I am trying to develop ratings for my application, where a User is able to set a specific rating for a comment. I have followed the following tutorial in order to do so.
Here are my associations:
class Rating < ActiveRecord::Base
belongs_to :comment
belongs_to :user
end
class Comment < ActiveRecord::Base
has_many :ratings
belongs_to :user
end
class User < ActiveRecord::Base
has_many :ratings
has_many :comments
end
My problem here is that, in the index action of my comments controller, I need to include the rating that the user has done for that comment. In the tutorial is just shown how to select a particular rating by doing this:
@rating = Rating.where(comment_id: @comment.id, user_id: @current_user.id).first
unless @rating
@rating = Rating.create(comment_id: @comment.id, user_id: @current_user.id, score: 0)
end
However, I will have several ratings, because in my controller I have:
def index
@comments = @page.comments #Here each comment should have the associated rating for the current_user, or a newly created rating if it does not exist.
end
You want to find the comment's rating where the rating's user_id matches the current user.
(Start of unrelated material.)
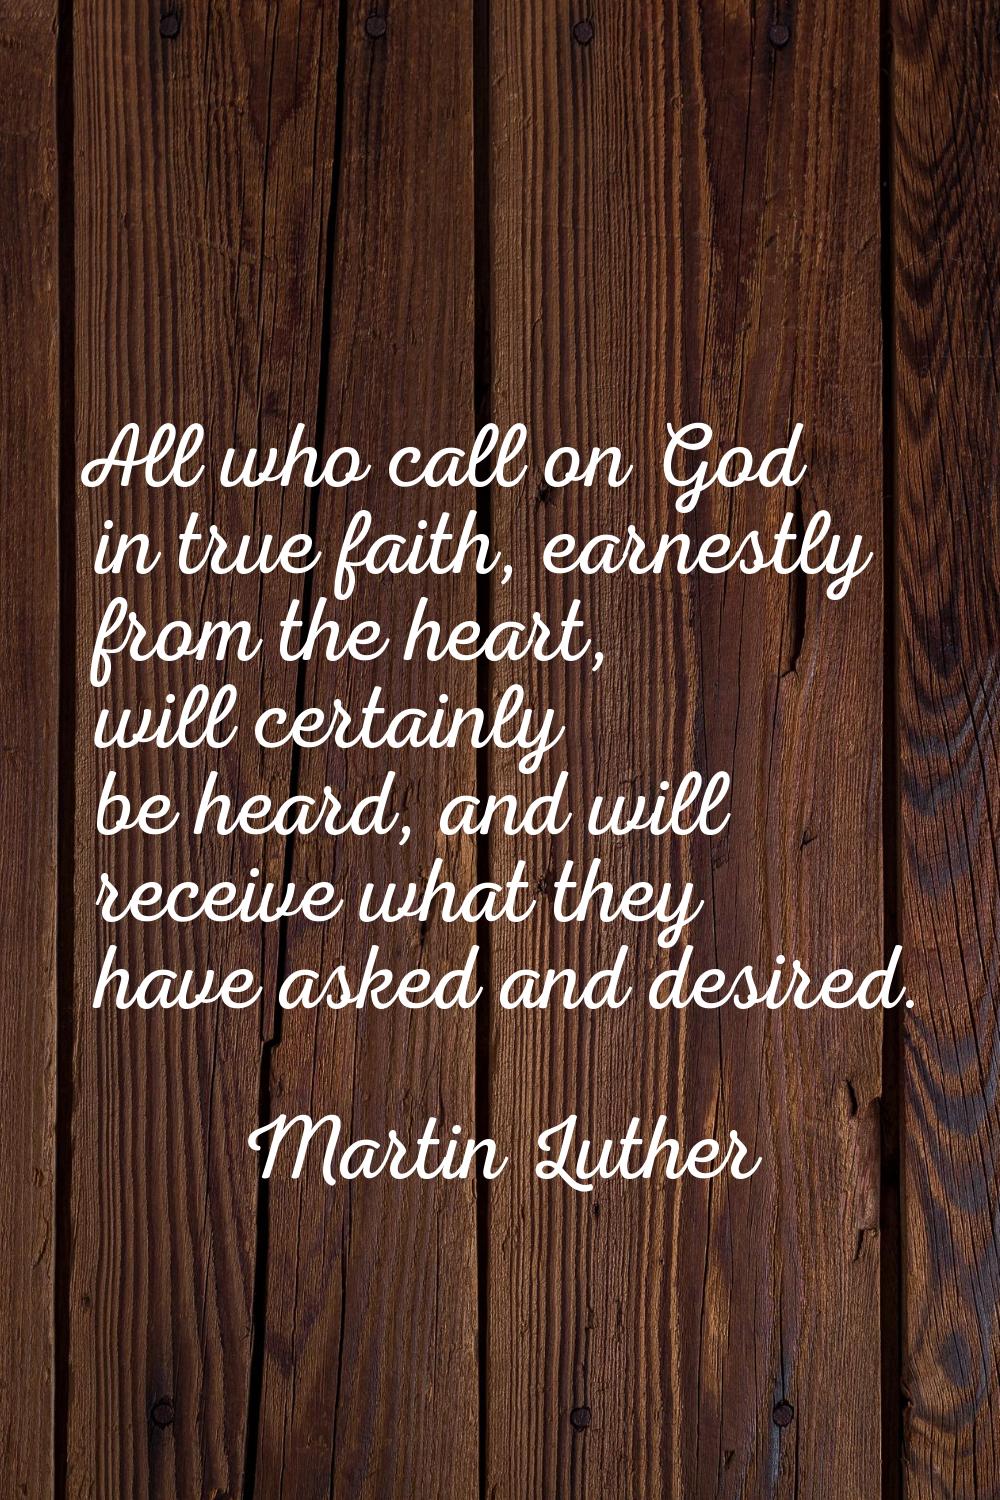 All who call on God in true faith, earnestly from the heart, will certainly be heard, and will rece
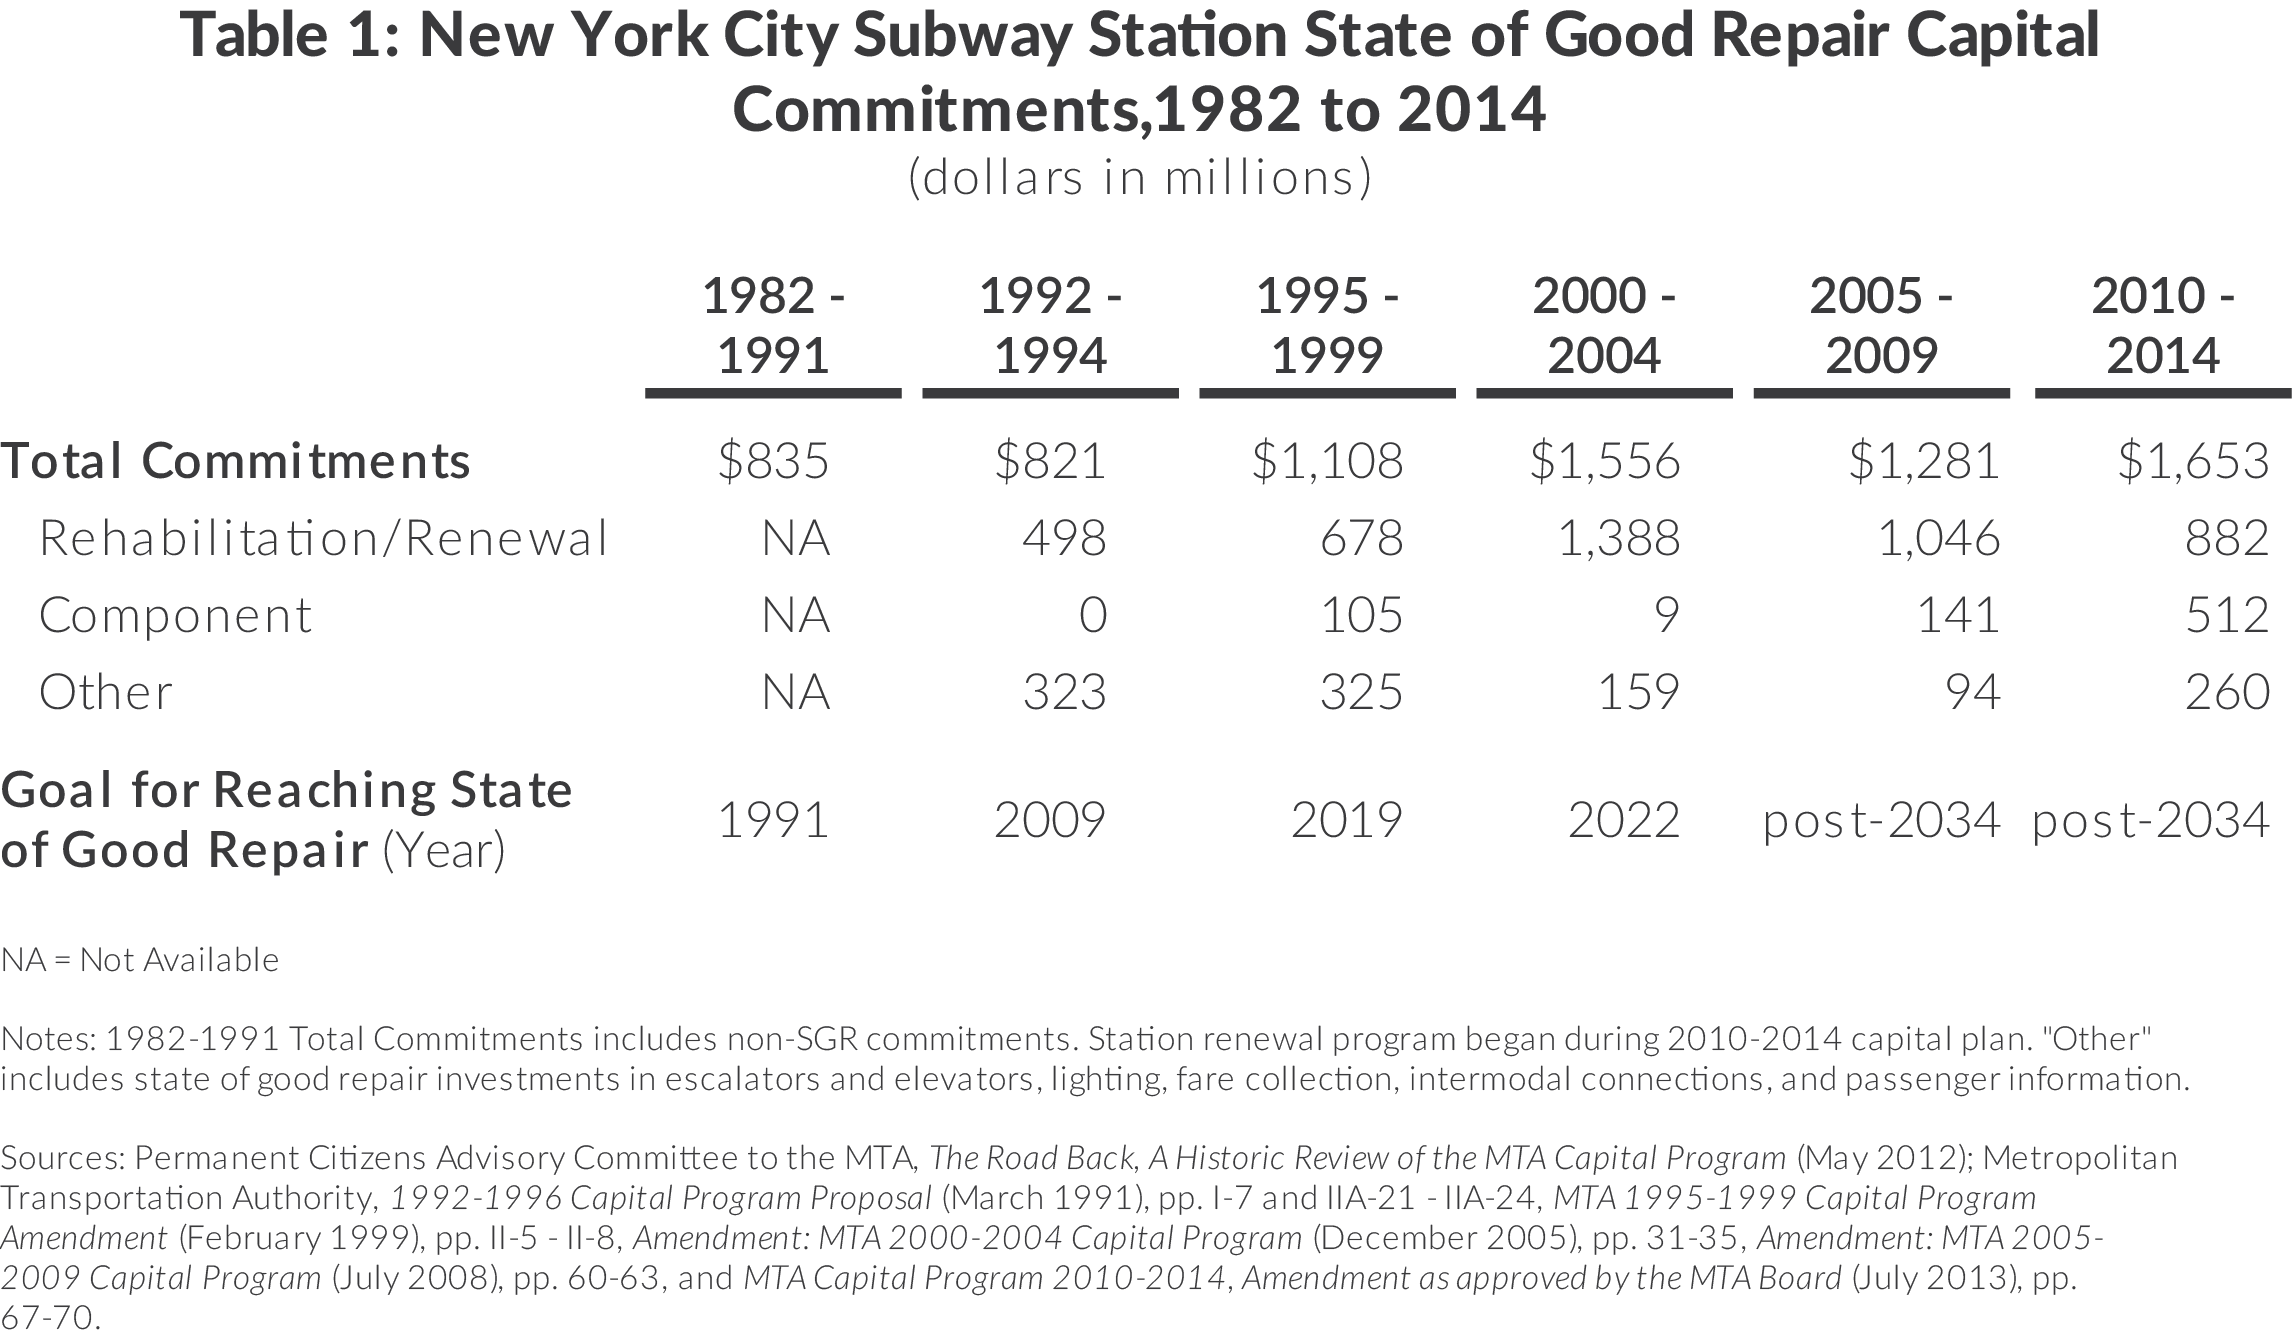 Table showing capital investments in New York City Subway Stations from 1982 to 2014.

<%= comment.ratings.where(user_id: current_user.id).first %>
However this sort of logic is pretty cumbersome in the views, a better strategy would be to define a scope in Rating
that returns all ratings made by a specific user.
class Rating
scope :by_user, lambda { |user| where(user_id: user.id) }
end
class Comment
# this will return either the rating created by the given user, or nil
def rating_by_user(user)
ratings.by_user(user).first
end
end
Now in your view, you have access to the rating for the comment created by the current user:
<% @comments.each do |comment| %>
<%= comment.rating_by_user(current_user) %>
<% end %>
If you want to eager load all ratings in your index page, you can do the following:
def index
@comments = page.comments.includes(:ratings)
end
You can then find the correct rating with the following:
<% @comments.each do |comment| %>
<%= comment.ratings.find { |r| r.user_id == current_user.id } %>
<% end %>
This would return the correct rating without generating any extra SQL queries, at the expense of loading every associated rating for each comment.
I'm not aware of a way in ActiveRecord to eager load a subset of a has_many relationship. See this related StackOverflow question, as well as this blog post that contains more information about eager loading.